Penso se não terei sido salpicado por aquele desejo de flagelo. Por simpatia, já que por ali andava ao Deus dará.

É que basta ver-te para as diferenças incisivas de temperatura e as cicatrizes sem nome me internarem.

terça-feira, março 15, 2005

A falta que me embala.




Há uma paz que corrói, aquela que me faz ouvir a passagem do próprio sangue. Há um sossego que se esconde e um desfile de imagens que fazem rir o escuro. Tenho vergonha de não me obedecerem as mãos quando passas. Se ao menos a tua boca me ouvisse.

O tempo roda à minha volta sem passar.

Tenho esta perna dormente. São as saudades que me apertam com o peso do deserto que aqui brinca.

segunda-feira, março 14, 2005

É por estas e nunca por outras.




Gosto de imponderáveis, de tudo o que quebra, rasga, nasce, ama, ensombra e foge sem pagar. Acidentes de química, sorrisos gratuitos e malhas puxadas ao calçares as meias.

Flores silvestres, que não pediram para nascer aqui, nem ali. De várias cores, semeadas pelo sopro de muitos corações, aproveitadas para temperar e para arranjos.

Nuvens com a forma de saudades a dissipar e pássaros que calharam voar longe de mim.

sexta-feira, março 11, 2005

- Sobremesa? - Dois suspiros, por favor.



Numa sala esquisita, com música de um mundo desafinado, quase vazia, dois ou três aromas estrangeiros e um empregado distraído:

- Trouxeste a saia?

- Claro, e tu puseste o perfume?

- Sim.

- Óptimo. Não sei se te beije ou se te bata por agora achar que tudo o que vivi até hoje foi medíocre.

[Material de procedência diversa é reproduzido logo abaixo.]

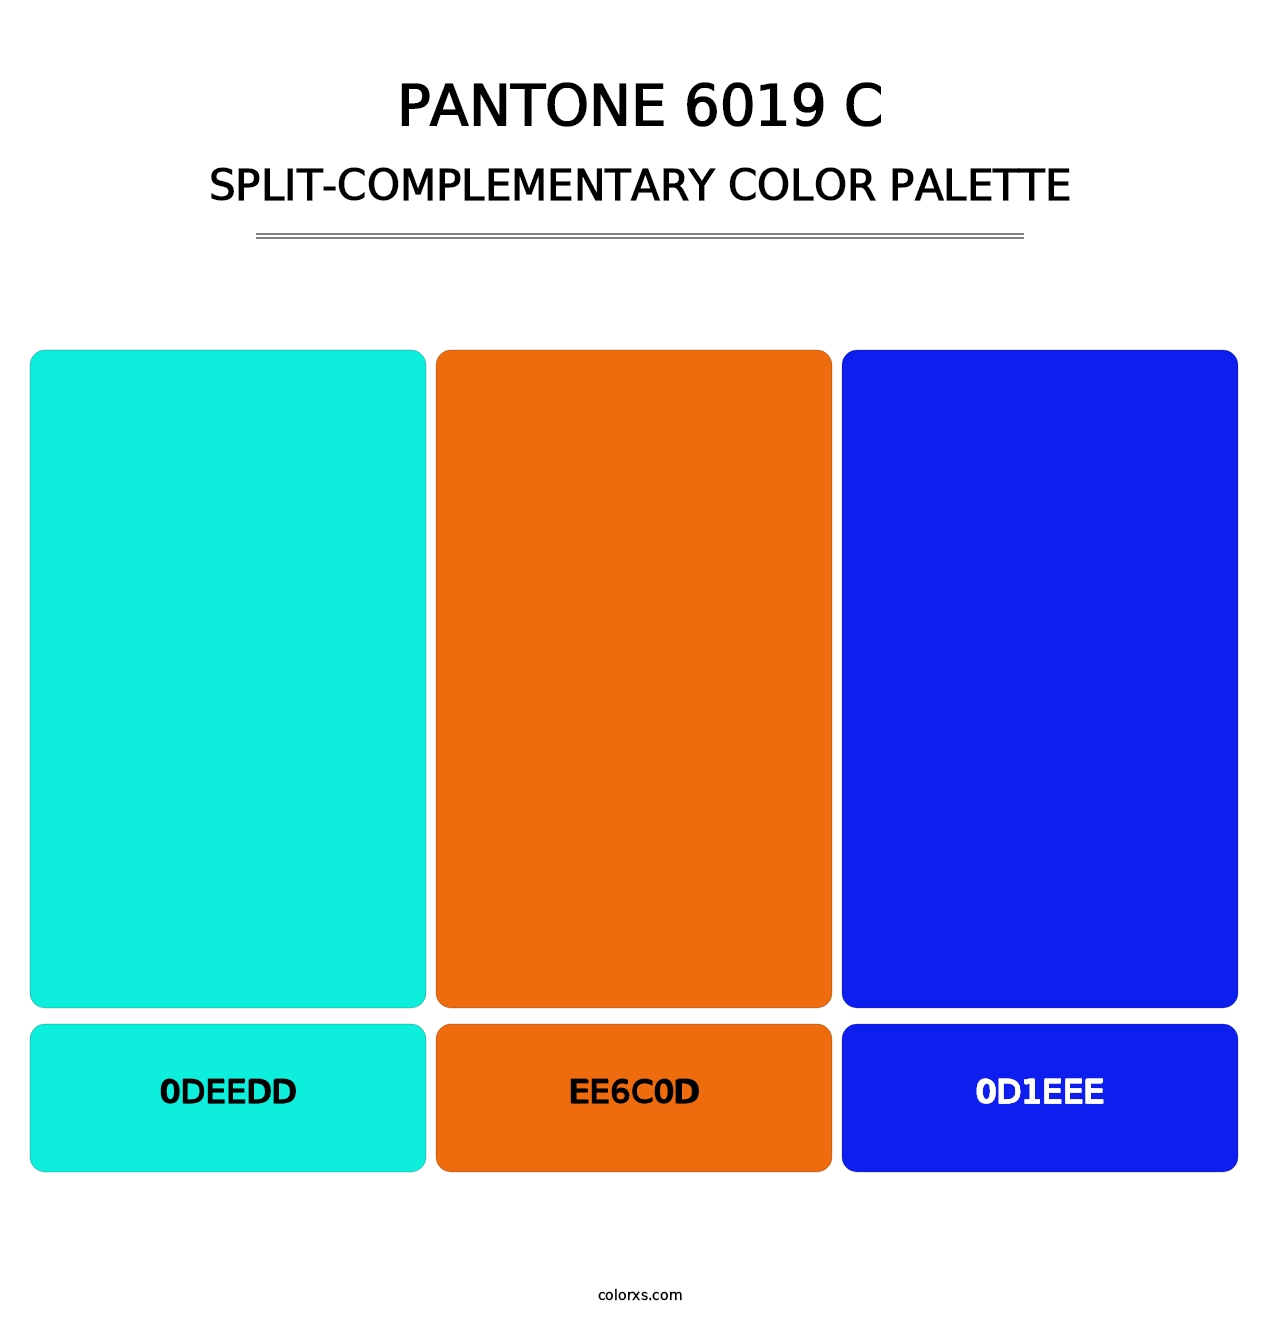 PANTONE 6019 C - Split-Complementary Color Palette

quinta-feira, março 10, 2005

Abismo.




Gostava de adormecer e sonhar com a ponta da tua língua a tocar na minha. Leve como o véu da noite. Lenta como as marcas do tempo na pele. Só assim, a tocar sem mais nada. No escuro das nossas bocas cerradas, como o dos olhos fechados ou o deste quarto. Coisas que se soldam e trocam, correntes de ar que passam para não morrermos e sangue que muda de direcção sem aviso.

A ponta da tua língua, só assim, a tocar a minha, como se isso não fosse tudo.

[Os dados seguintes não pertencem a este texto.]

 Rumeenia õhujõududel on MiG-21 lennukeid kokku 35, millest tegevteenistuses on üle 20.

quarta-feira, março 09, 2005

Há um tempo atrás escrevi:

Não somos nós que fazemos Amor. É o Amor que nos faz.

Hoje apeteceu-me escrever outra vez.

O Amor é a língua universal.


É tão inquestionável que penso até ser a única verdade indubitável que escrevi até hoje. Sinto-me orgulhoso perante esta junção de letras.

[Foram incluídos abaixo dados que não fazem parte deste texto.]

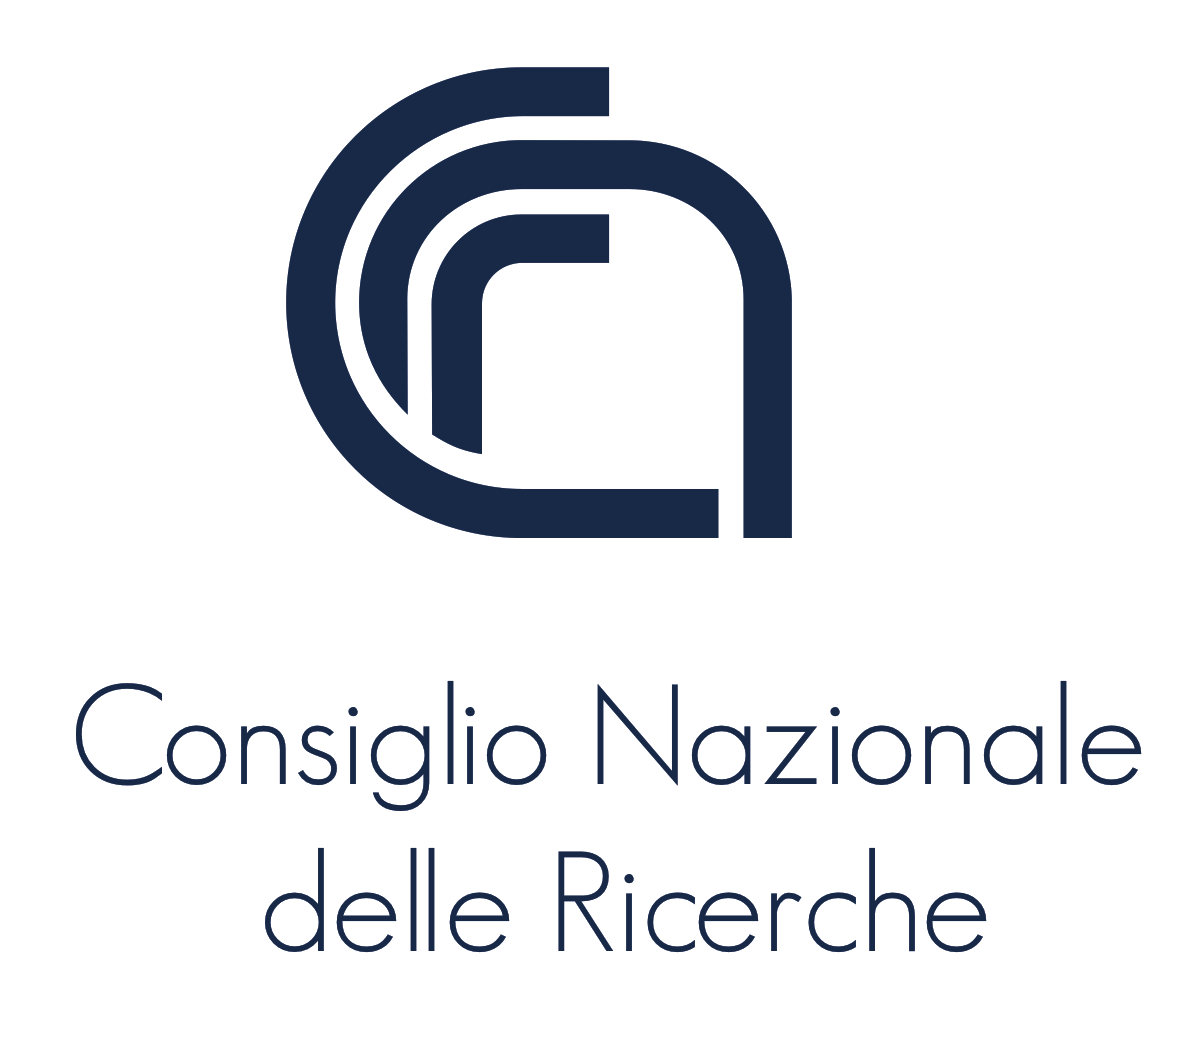 cnr_logo

Não que tenha sido eu a lembrar-me deste lugar incomum, fico é a olhar para o sujeito como quem olha para a mão de um carrasco. Fico com um sabor estranho na boca. E no peito.

terça-feira, março 08, 2005

“Amo-te”




- Então? Deixas-me assim para o fim-de-semana? Só com esta palavra, sem outra explicação ou beijo arrebatado?

- Tem que ser. Guarda-a bem. Olha que está habituada a andar sempre comigo.

domingo, março 06, 2005

Basta-me olhar pela janela para ver logo outro continente.



Estou em casa a fazer a cama, coisa insignificante mas das mais importantes, e ocorre-me o gosto que tenho em ficar em casa. Nunca poderia dar um bom drogado ou alcoólico por culpa própria: prefiro a minha realidade a outra qualquer.

Sempre que quero fugir é para aqui, para ao pé dos meus cheiros, da barba por fazer e da luz que entra pelo pátio. Fumei durante 10 anos e foi uma desgraça. Nunca consegui fumar mais do que 10 ou 15 cigarros por dia. Estou condenado a aturar-me para o resto da vida tal como sou. E gosto. Se calhar é a minha realidade que é demasiado irreal.

sexta-feira, março 04, 2005

Ferimentos ligeiros.

- Não trouxeste a saia que tínhamos combinado.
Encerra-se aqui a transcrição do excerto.